This quarter consisted of 22 launches in total (with 2 launch failures excluded) of which 14 involved small satellites (and 1 small satellite launch failure). The one launch failure this quarter was the Iranian Simorgh / Safir-2 small launch vehicle which failed its third orbital attempt in a row.

The small launch vehicles Kuaizhou and Electron both completed their tenth missions this quarter, representing the newfound small launch vehicles continued presence.

Long March completed 3 small satellite launches (5 in total) of their goal of their 40 launches.

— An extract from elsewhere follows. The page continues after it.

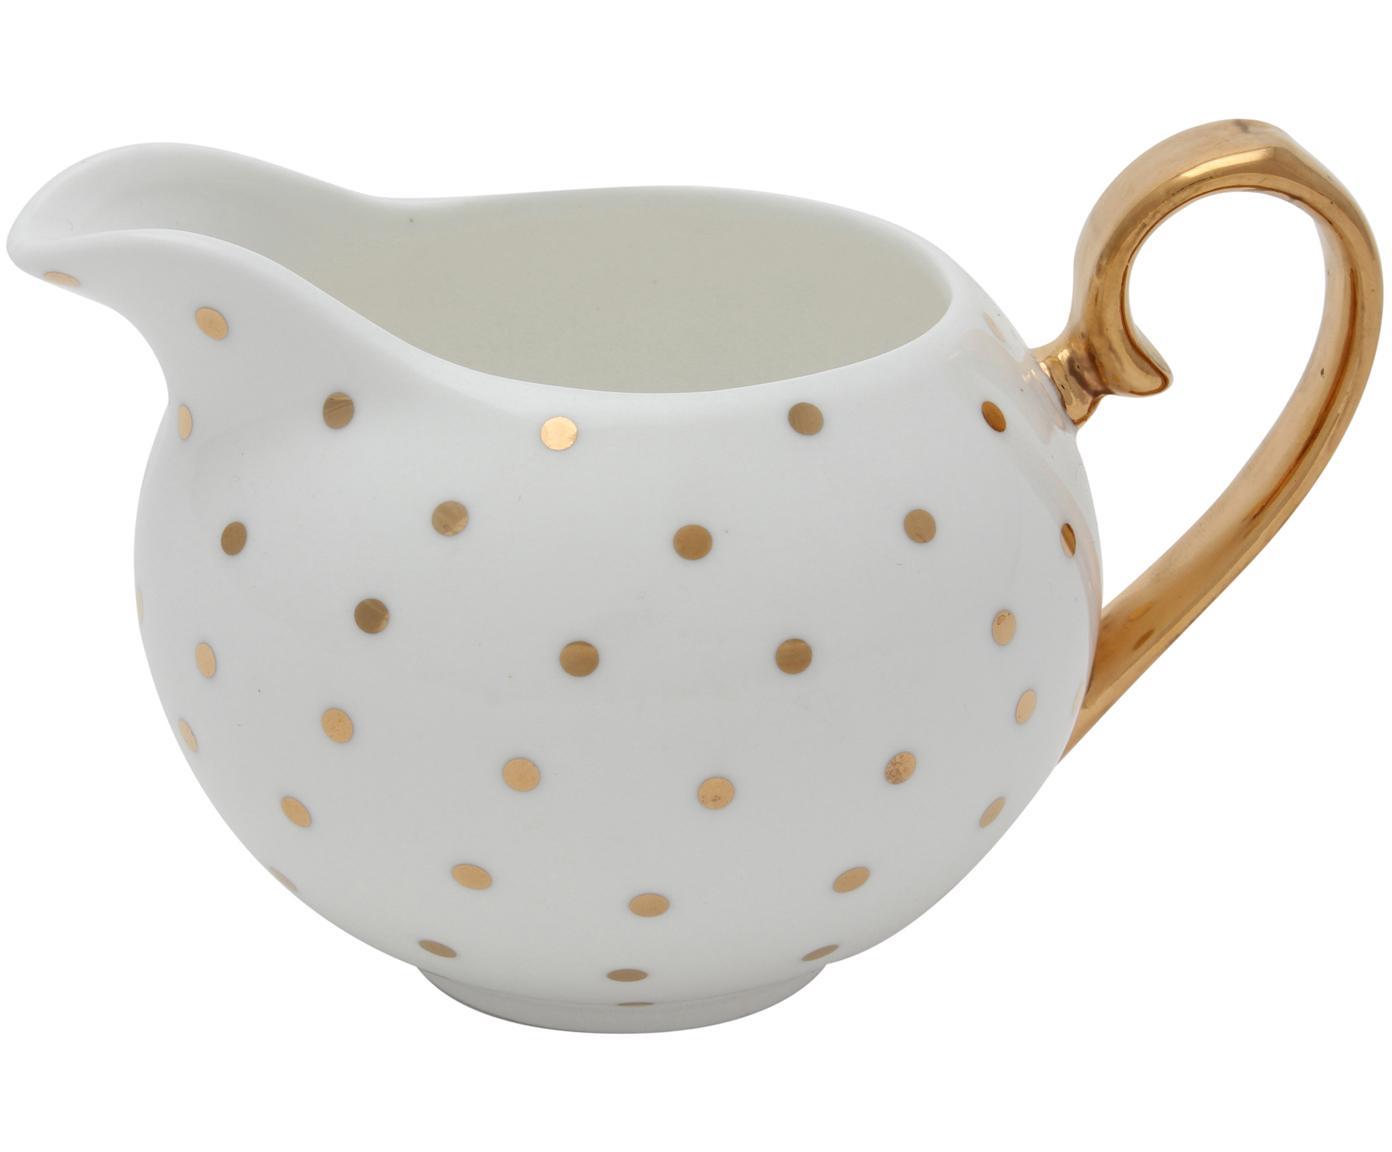 Dzbanek do mleka Miss Golightly, Porcelana chińska, pozłacana, Biały, złoty, Ø 6 x 7 cm

The state-owned Chinese launch family is continuing its success from the previous year having completed the most small satellite launches of any launch family in 2019.

The bulk of launches this quarter were completed by SpaceX and Soyuz, the launch providers for Starlink and OneWeb respectively, with four Falcon 9 launches and two Soyuz launches.

SpaceX and Antares both launched a crew resupply mission to the ISS.

08

Over the past decade there has been an industry-changing shift in getting satellites to space, largely due to the commercialisation of the space sector, especially when it comes to the cost and accessibility of launches. With the miniaturisation of technologies and the lowering of launch costs, small satellites have come into fruition at speed and are driving an unprecedented demand on launch vehicles, in particular the demand from the many constellations in development. Even with the retirement of the Space Shuttle the innovation in getting satellites to orbit has remained somewhat linear, although it has still had remarkable effects on the industry as a whole in terms of accessibility and affordability. A step-change in space transportation is needed for having an efficient system similar to those of terrestrial cargo logistics.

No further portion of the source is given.